- **Description of the task**
Take the line containing "cropped-abstract-art-blur-96381-1.jpg" and each line after it through the end of the data below, and return them exactly, minus any pictures.
------ The data ------
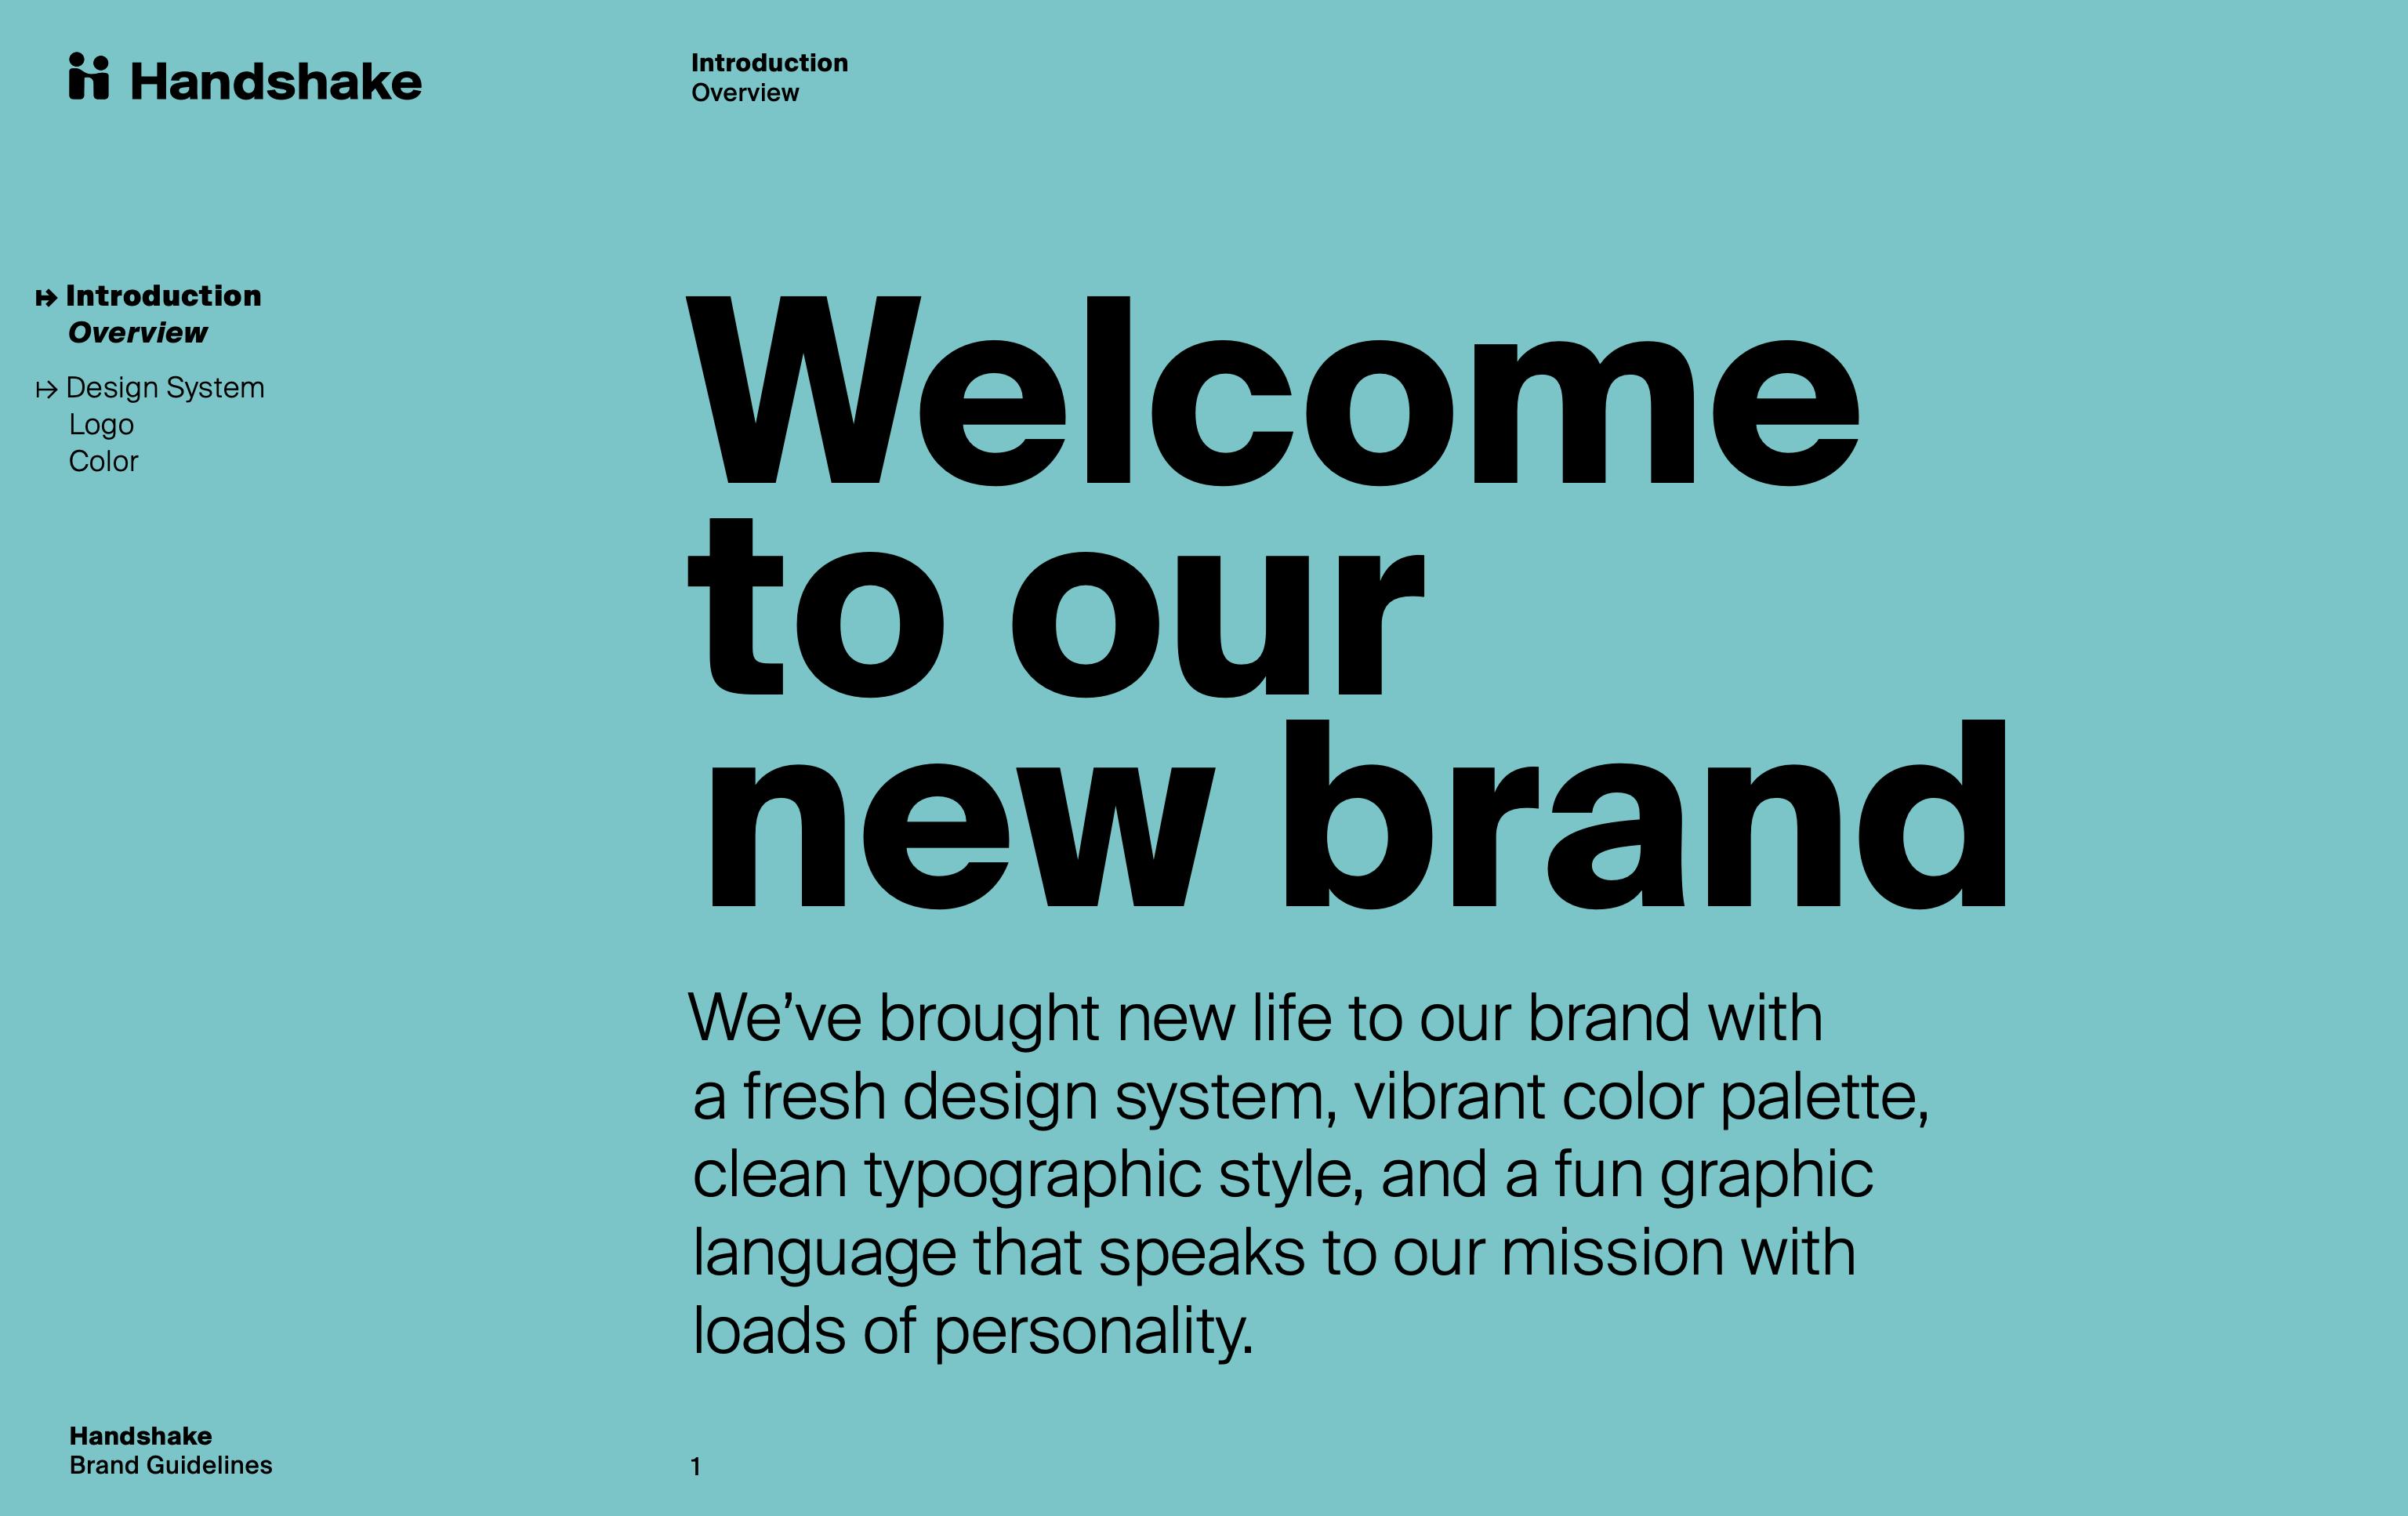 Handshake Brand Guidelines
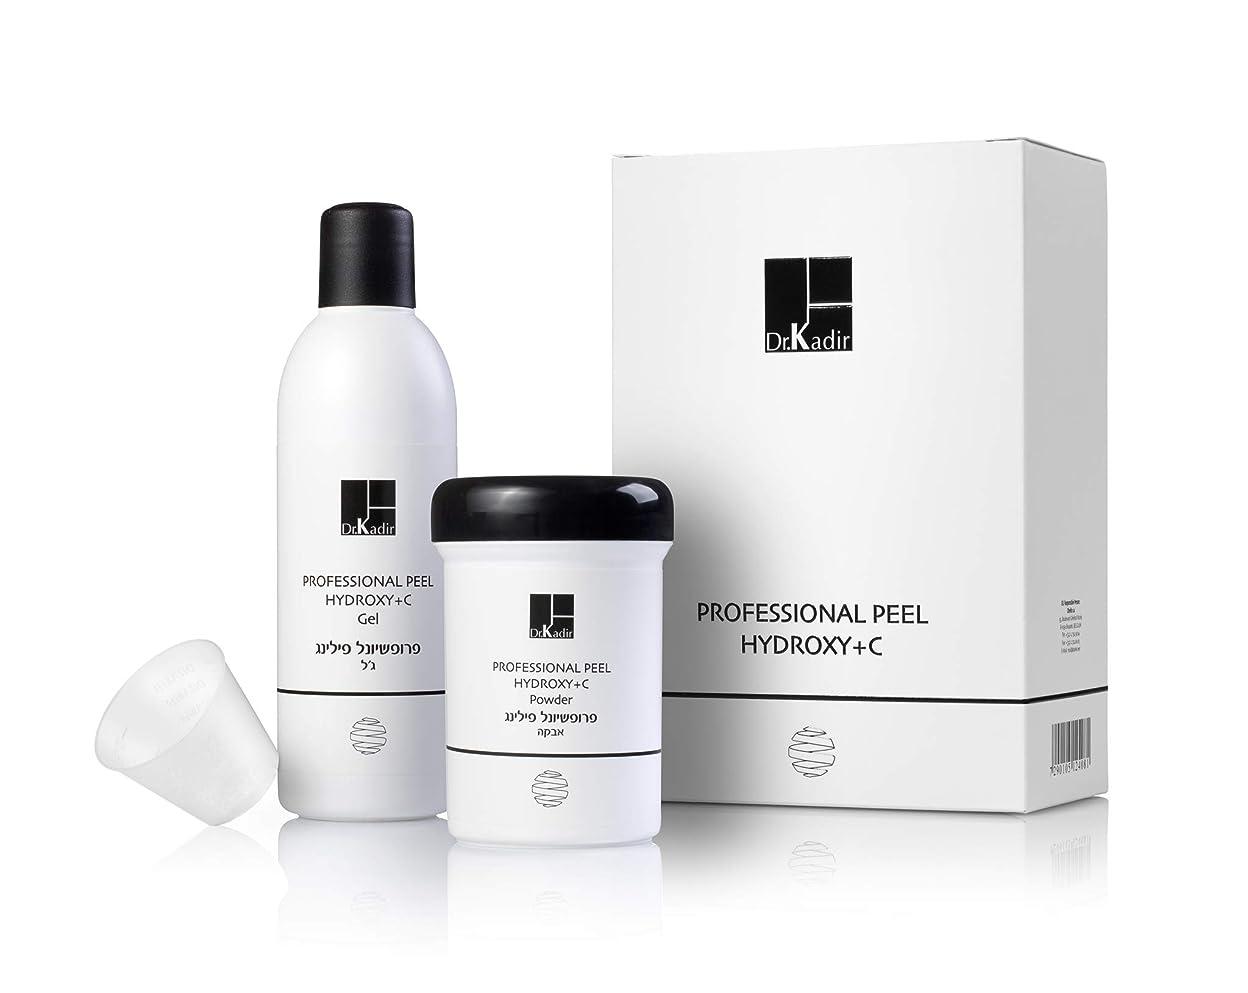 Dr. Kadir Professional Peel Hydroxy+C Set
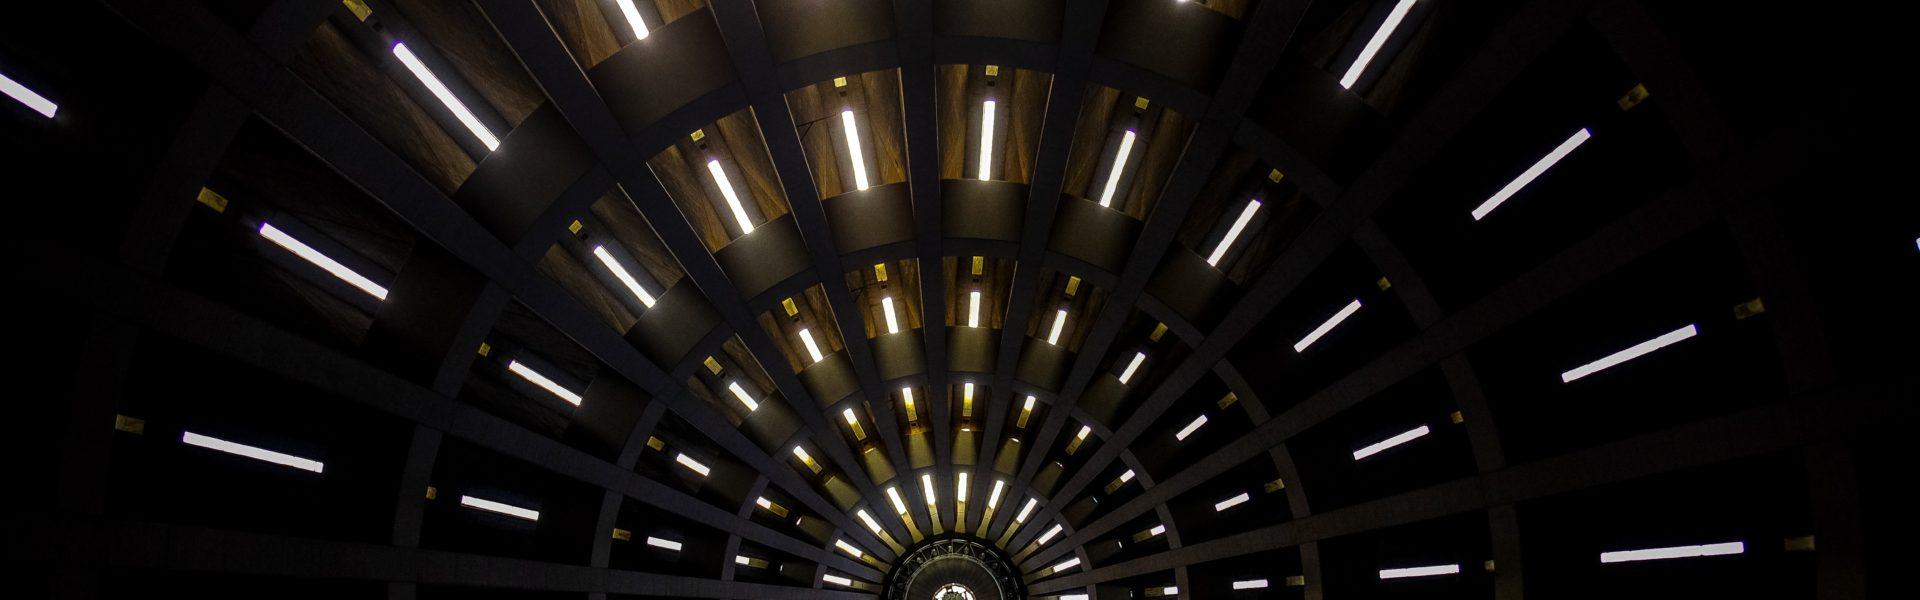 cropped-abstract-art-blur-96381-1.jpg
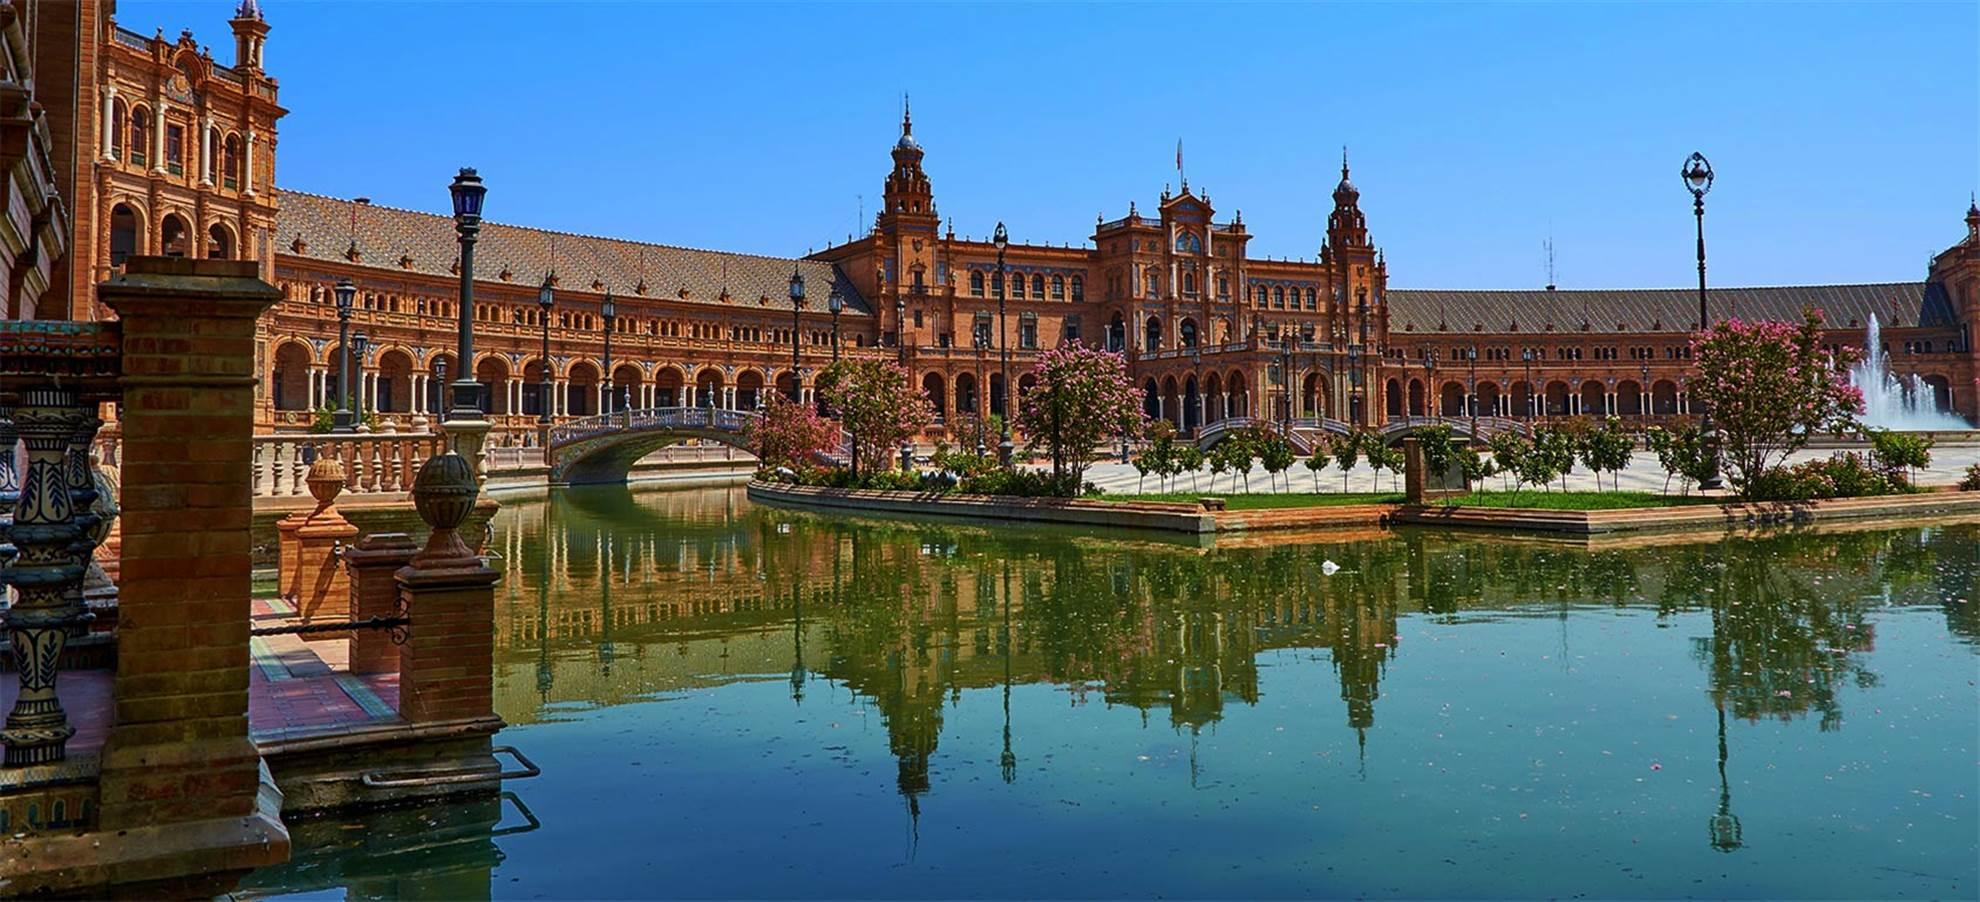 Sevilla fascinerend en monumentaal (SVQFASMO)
------
- **Answer to the problem**
 cropped-abstract-art-blur-96381-1.jpg
 Sevilla fascinerend en monumentaal (SVQFASMO)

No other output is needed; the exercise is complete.